First use a quick introduction to introduce, and then list the various queries are used more (in my working environment, this is the case), the rest of the less useful here is not listed.

1.1 Quick Start

1.1.1 Query All

GET index/type/_search
{
    "query":{
        "match_all":{}
    }
}

or

GET index/type/_search

1.1.2 Paging (term as an example)

GET index/type/_search
{
    "from":0,
    "size":100,
    "query":{
        "term":{
            "area":"GuangZhou"
        }
    }
}

1.1.3 contains the specified fields (take term for example)

GET index/type/_search
{
    "_source":["hobby", "name"],
    "query":{
        "term":{
            "area":"GuangZhou"
        }
    }
}

1.1.4 Sorting (term as an example)

Single field sorting:

GET index/type/_search
{
    "query":{
        "term":{
            "area":"GuangZhou"
        }
    },
    "sort":[
        {"user_id":{"order":"asc"}},
        {"salary":{"order":"desc"}}
    ]
}

1.2 Full Text Query

Query fields are indexed and analyzed, and the word splitter (or search word splitter) for each field is applied to the query string before execution.

1.2.1 match query

{
  "query": {
    "match": {
      "content": {
        "query": "Lippi Hengda".
        "operator": "and"
      }
    }
  }
}

operator The default is or,That is to say, "Lipi Hengda" is divided into "Lipi" and "Hengda", as long as content If one of the two occurs, it will be searched; set it to ___________ and Later, it will be searched only if it appears at the same time.

1.2.2 match_phrase query

Documents are searched only if they satisfy the following two conditions:

  • (1) After participle, all terms appear in the field.
  • (2) The word order in the field should be consistent.
{
  "query": {
    "match_phrase": {
      "content": "Lipi Hengda"
    }
  }
}

1.3 Term Query

Item search matches the entries stored in the inverted index accurately. Item-level queries are used for structured data, such as numbers, dates and enumeration types.

1.3.1 term query

{
  "query": {
    "term": {
      "postdate": "2015-12-10 00:41:00"
    }
  }
}

1.3.2 terms query

Upgraded versions of term, such as the postdate field of the query above, can be set multiple.

{
  "query": {
    "terms": {
      "postdate": [
        "2015-12-10 00:41:00",
        "2016-02-01 01:39:00"
      ]
    }
  }
}

Because term is an exact match, don't ask, [] How do you set and? How can this be possible? Since it's an exact match, a field can't have two different values.

1.3.3 range query

Match documents with data type, date type, or string field in a range. Note that only one field can be queried, not multiple fields.

Value:

{
  "query": {
    "range": {
      "reply": {
        "gte": 245,
        "lte": 250
      }
    }
  }
}

The supported operators are as follows:

gt: greater than, gte: greater than or equal to, lt: less than, lte: less than or equal to

Date:

{
  "query": {
    "range": {
      "postdate": {
        "gte": "2016-09-01 00:00:00",
        "lte": "2016-09-30 23:59:59",
        "format": "yyyy-MM-dd HH:mm:ss"
      }
    }
  }
}

format It's OK if you don't add it, if you write it in the correct time format.

1.3.4 exists query

Returns a document with at least one non-null value in the corresponding field, that is, the field has a value (the concept will be explained later).

{
  "query": {
    "exists": {
      "field": "user"
    }
  }
}

Refer to the instructions in "From Lucene to Elastic Search: Full Text Retrieval in Practice".

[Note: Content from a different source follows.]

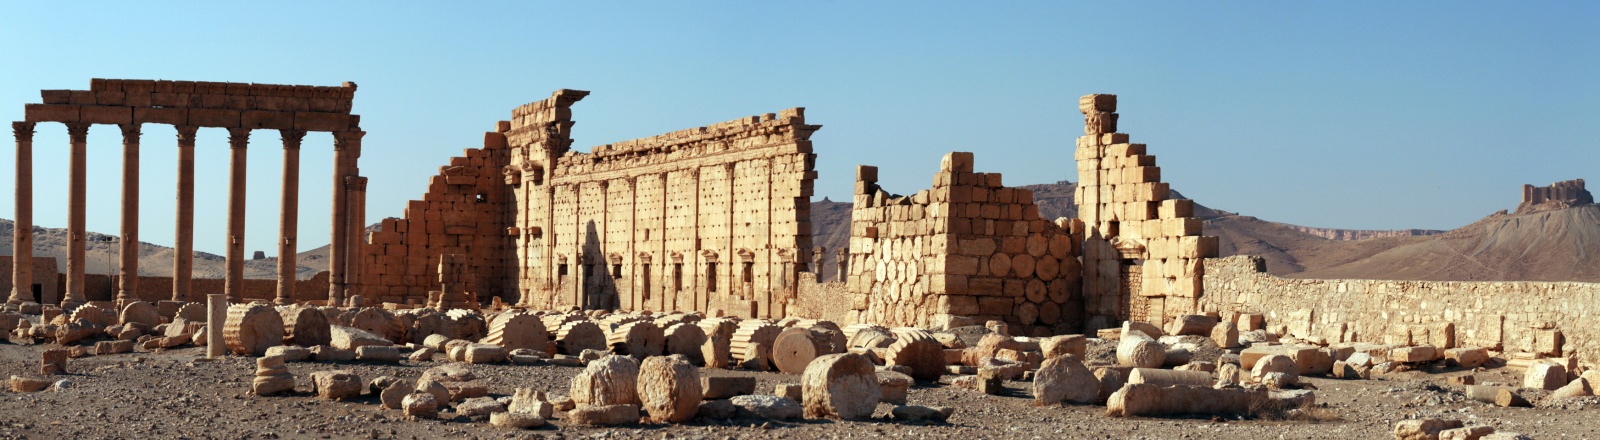 Пальмира - Сирия фото #8896

The following documents match the query above:

File Explain
{"user":"jane"} user field, not empty
{"user":""} There is a user field with an empty string value
{"user":"-"} With user field, the value is not empty
{"user":["jane"]} With user field, the value is not empty
{"user":["jane",null]} With the user field, at least one value is not empty.

The following documents will not be matched:

File Explain
{"user":null} Although there is a user field, the value is empty
{"user":[]} Although there is a user field, the value is empty
{"user":[null]} Although there is a user field, the value is empty
{"foo":"bar"} No user field

1.3.5 ids query

Query for documents with the specified id.

{
  "query": {
    "ids": {
      "type": "news",
      "values": "2101"
    }
  }
}

Types are optional, or multiple IDS can be specified in a data manner.

{
  "query": {
    "ids": {
      "values": [
        "2101",
        "2301"
      ]
    }
  }
}

1.4 Compound Query

1.4.1 bool query

Because the work touches on es is to do aggregation, statistics, classification projects, often to do a variety of complex multi-condition queries, so in fact, bool query is used a lot, because the number of query conditions is uncertain, so the logical thinking of processing, the outer layer with a large bool query to carry. (Of course, the project uses its Java API)

bool query can be combined with any number of simple queries. The logical representation of each simple query is as follows:

attribute Explain
must Documents must match the query conditions under the music option, which is equivalent to the AND of logical operations.
should Documents can match query conditions under the should option, or they can not match, which is equivalent to OR of logical operations.
must_not Contrary to music, documents matching query criteria under this option are not returned
filter Like music, documents that match the query criteria under the filter option are returned, but the filter does not score, it only performs filtering functions.

An example is as follows:

{
  "query": {
    "bool": {
      "must": {
        "match": {
          "content": "Lippi"
        }
      },
      "must_not": {
        "match": {
          "content": "China Super League"
        }
      }
    }
  }
}

It should be noted that under the same bool, there can only be one must, must_not, should and filter.

If you want to have more than one music, for example, you want to match Lippi and Zhongchao at the same time, but deliberately separate the two keywords (because in fact, a must, and then use match, and the operator for and can achieve the goal), how to operate? Note the use of arrays under music, and then multiple match objects are available:

{
  "size": 1,
  "query": {
    "bool": {
      "must": [
        {
          "match": {
            "content": "Lippi"
          }
        },
        {
          "match": {
            "content": "Hengda University"
          }
        }
      ]
    }
  },
  "sort": [
    {
      "id": {
        "order": "desc"
      }
    }
  ]
}

Of course, the array under music can also be multiple bool query conditions for more complex queries.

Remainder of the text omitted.